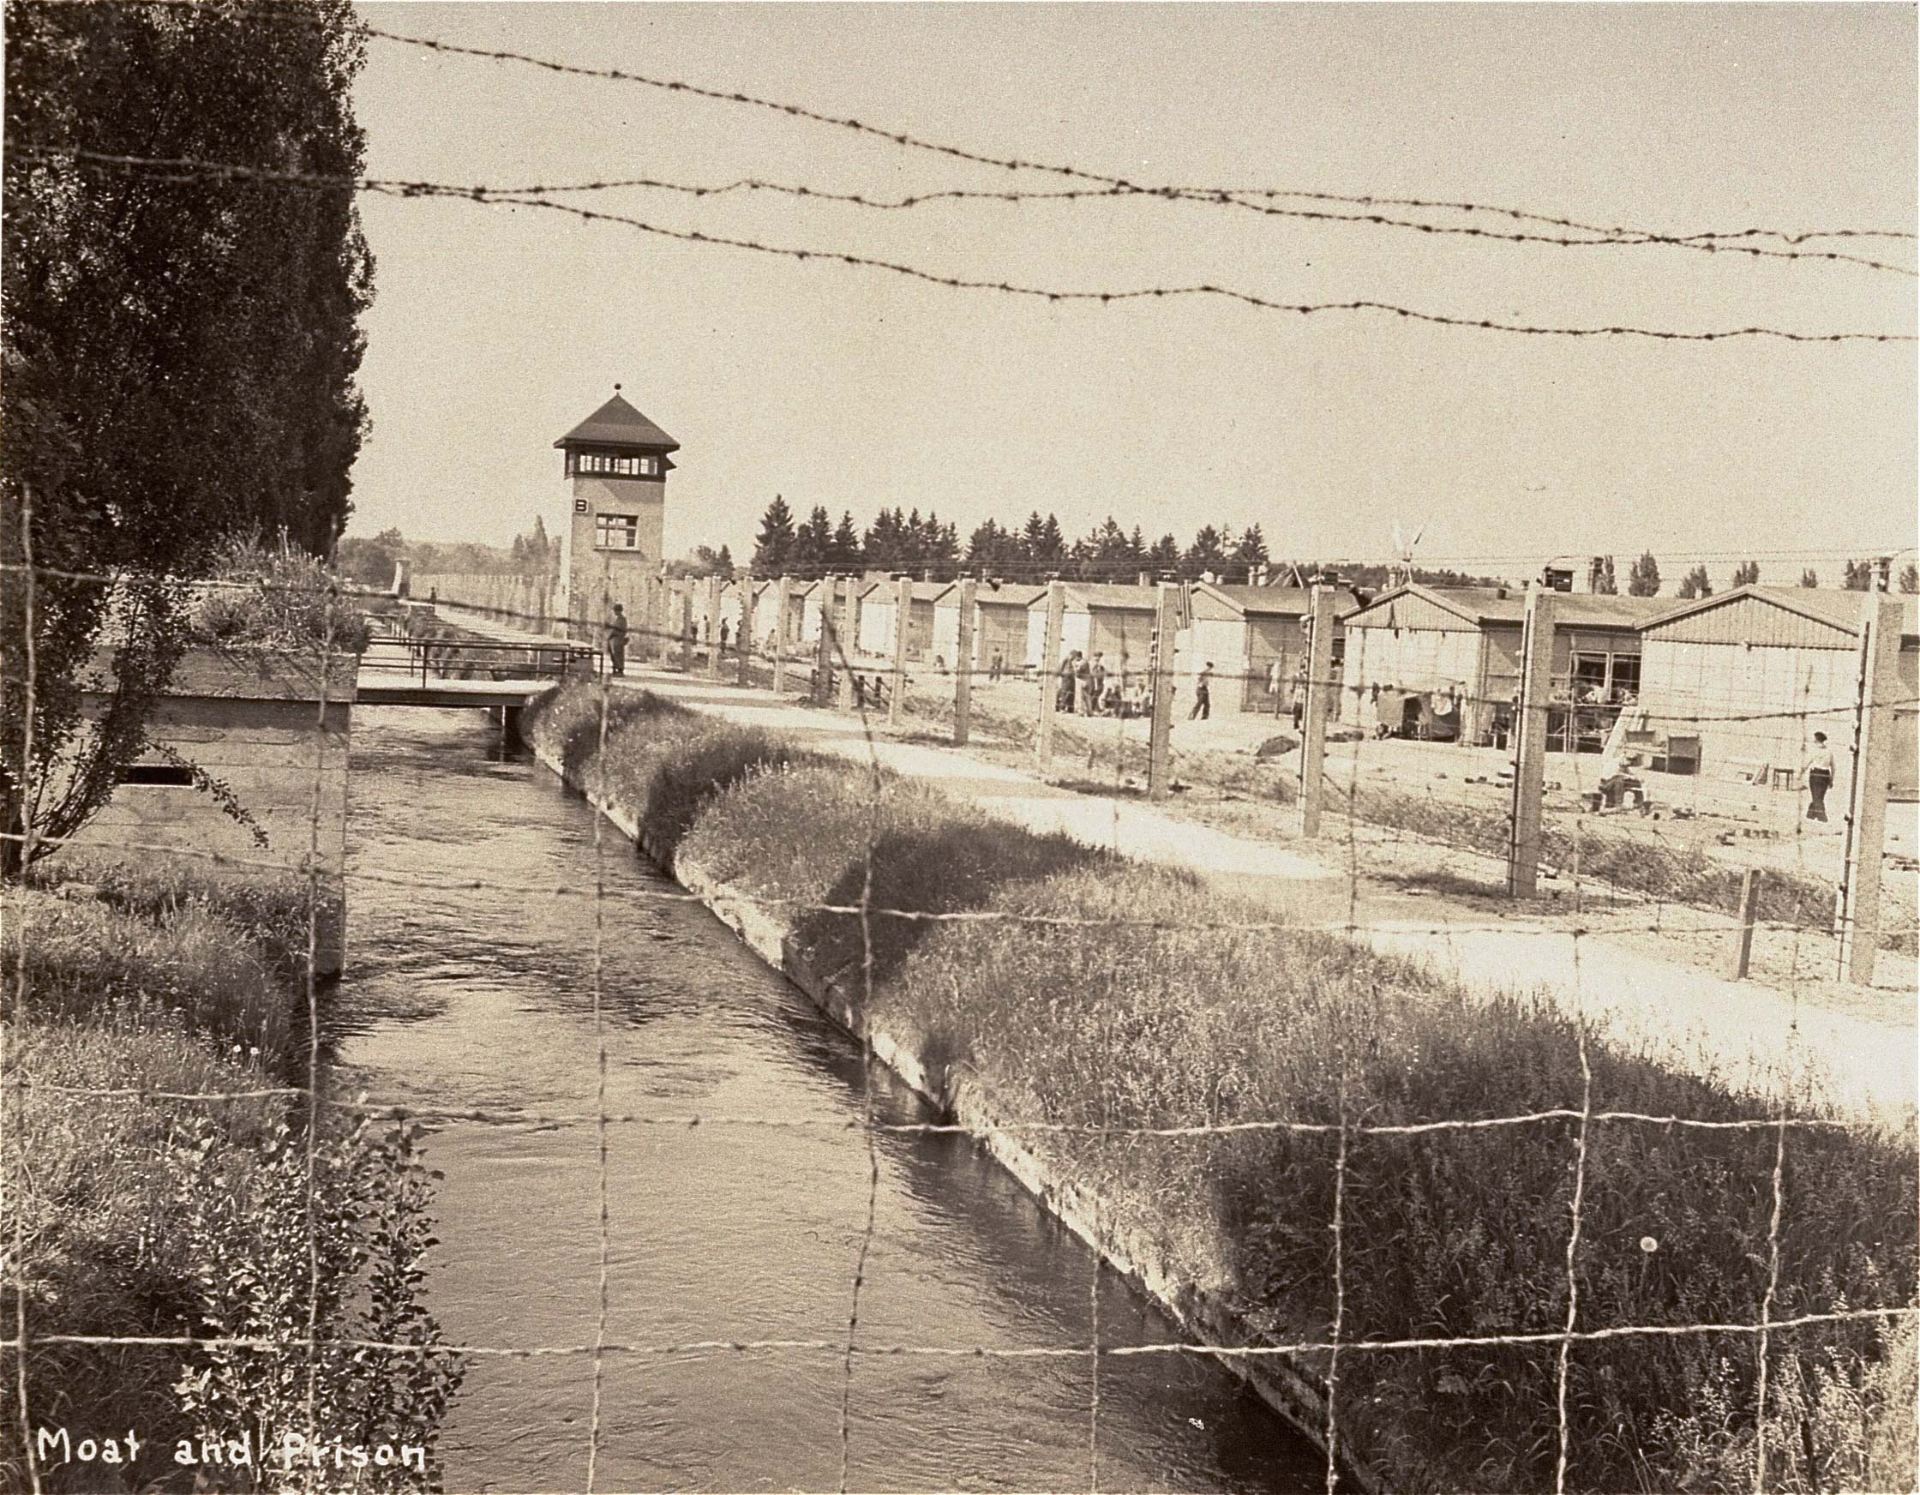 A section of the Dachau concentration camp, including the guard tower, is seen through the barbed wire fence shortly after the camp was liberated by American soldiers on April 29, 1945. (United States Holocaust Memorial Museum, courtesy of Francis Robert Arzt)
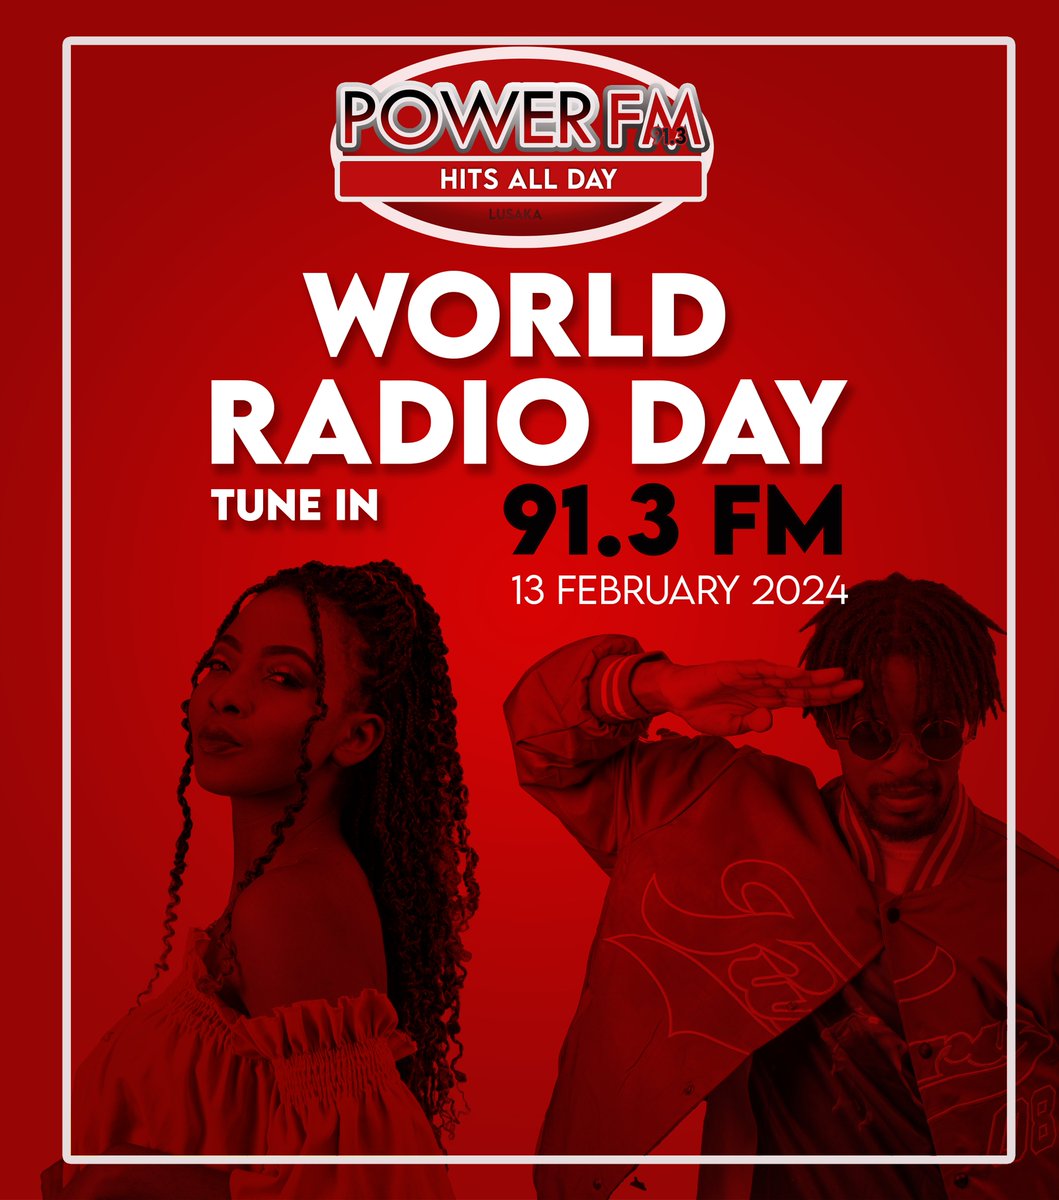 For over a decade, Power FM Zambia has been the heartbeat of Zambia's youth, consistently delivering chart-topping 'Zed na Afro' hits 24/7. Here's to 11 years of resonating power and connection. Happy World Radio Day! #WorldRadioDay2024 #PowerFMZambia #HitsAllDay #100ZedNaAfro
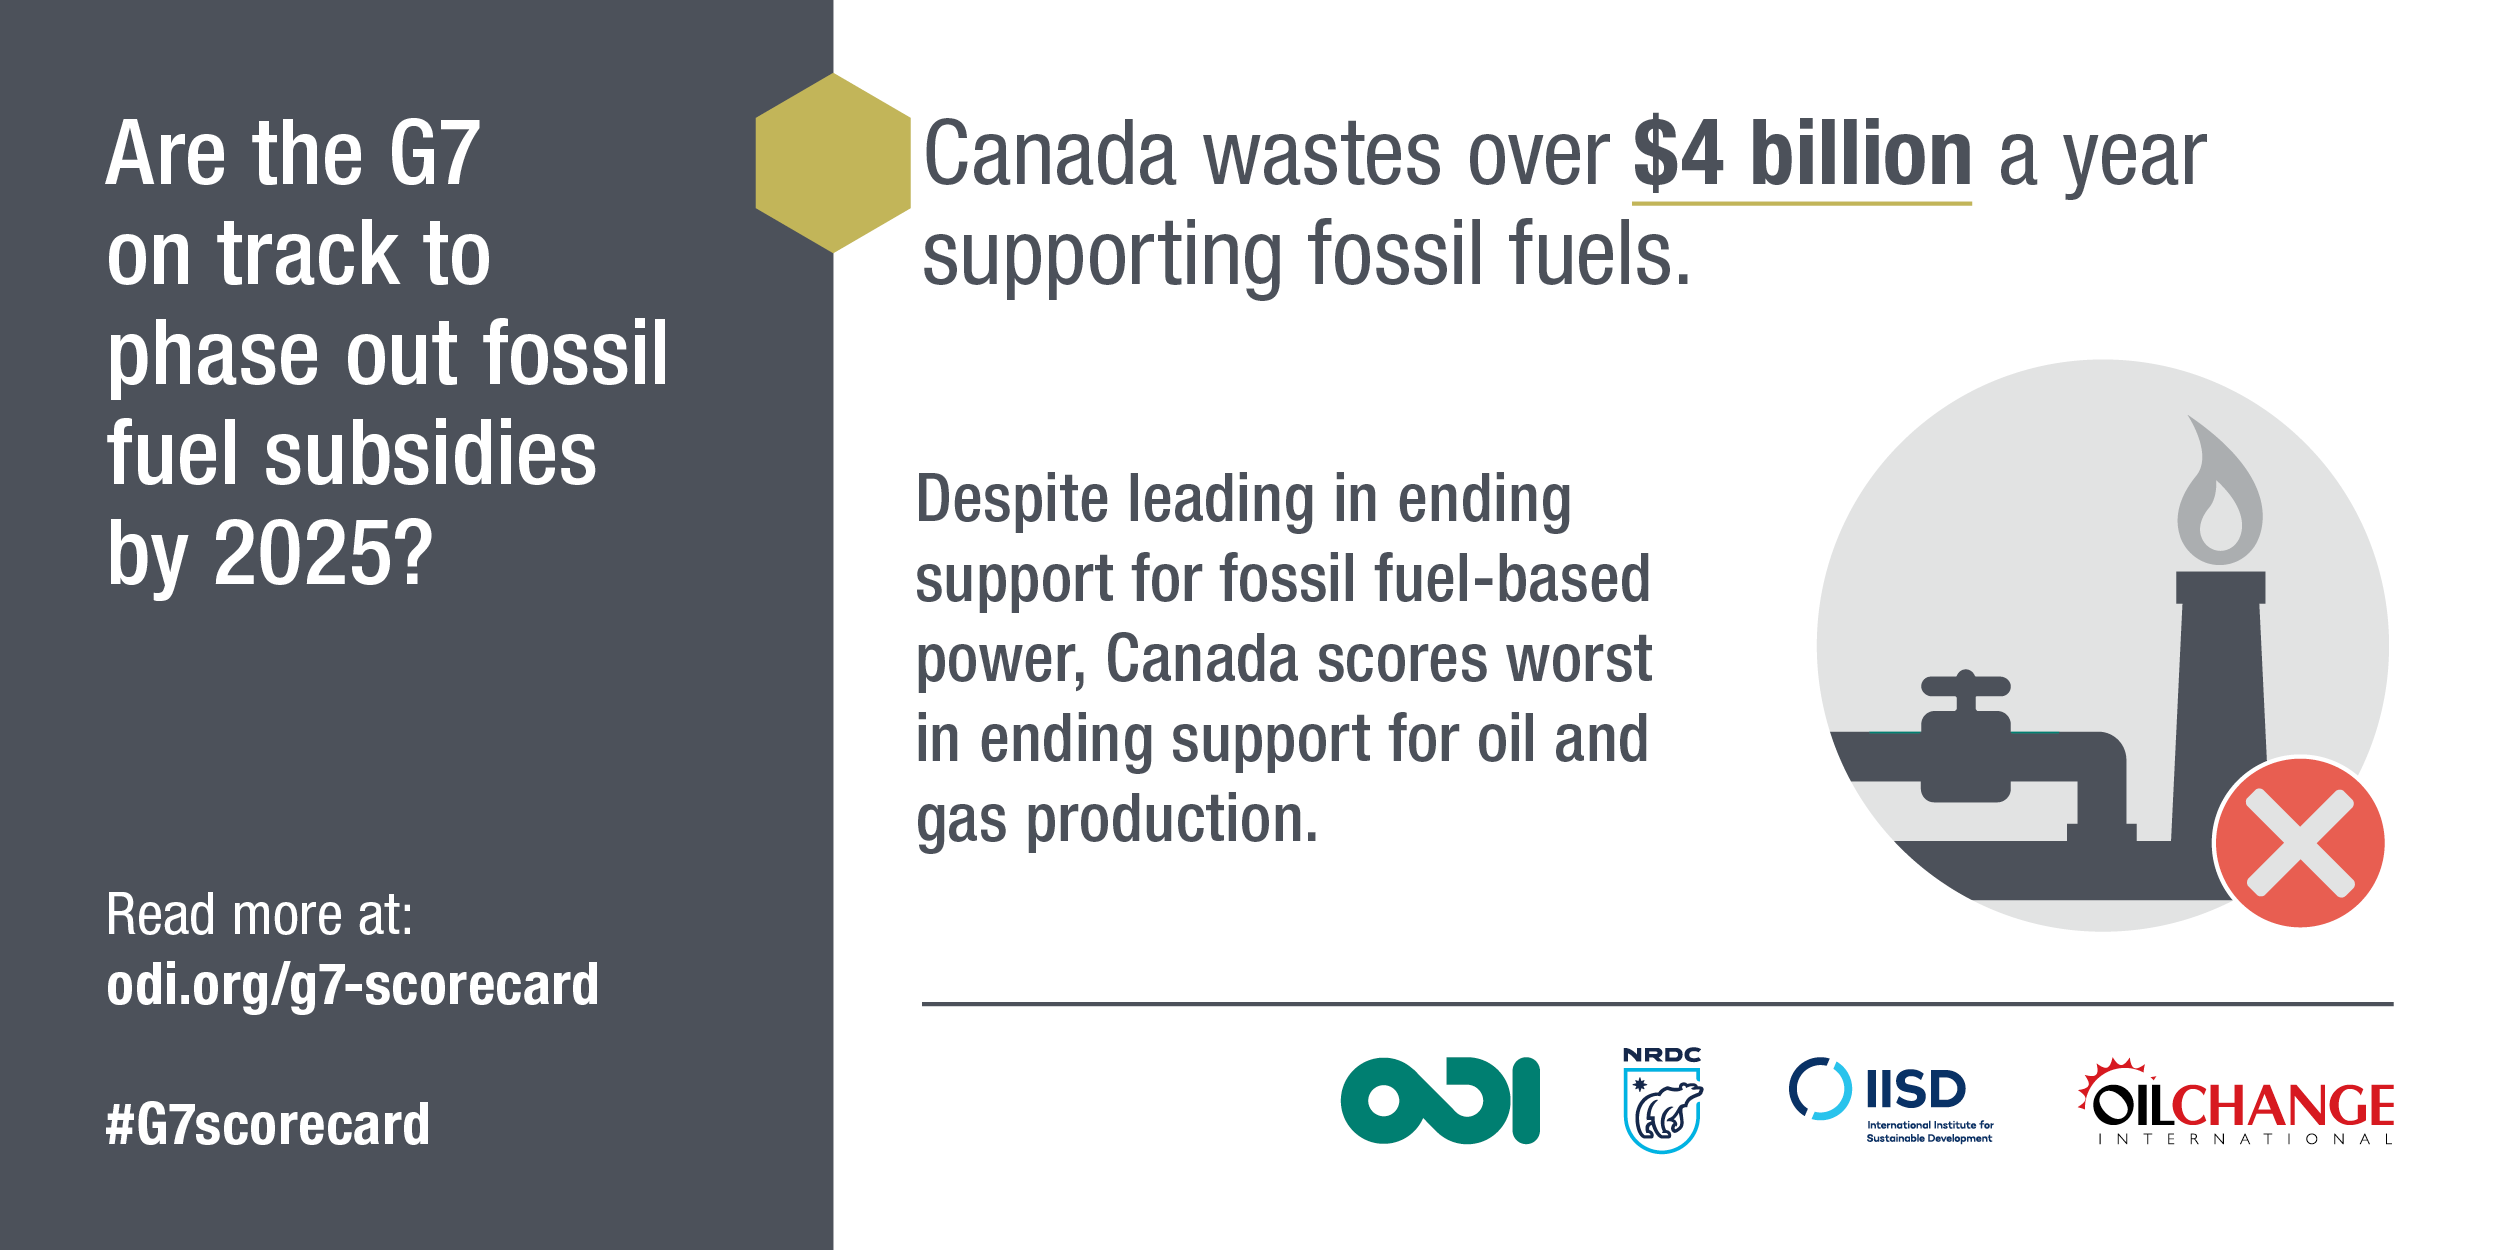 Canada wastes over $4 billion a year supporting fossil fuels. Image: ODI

--------------------------------------------------

Problem requirements:
Omit the pictures, then quote the rest of the material above exactly.

Exercise output:
 A section of the Dachau concentration camp, including the guard tower, is seen through the barbed wire fence shortly after the camp was liberated by American soldiers on April 29, 1945. (United States Holocaust Memorial Museum, courtesy of Francis Robert Arzt)
 For over a decade, Power FM Zambia has been the heartbeat of Zambia's youth, consistently delivering chart-topping 'Zed na Afro' hits 24/7. Here's to 11 years of resonating power and connection. Happy World Radio Day! #WorldRadioDay2024 #PowerFMZambia #HitsAllDay #100ZedNaAfro
 Canada wastes over $4 billion a year supporting fossil fuels. Image: ODI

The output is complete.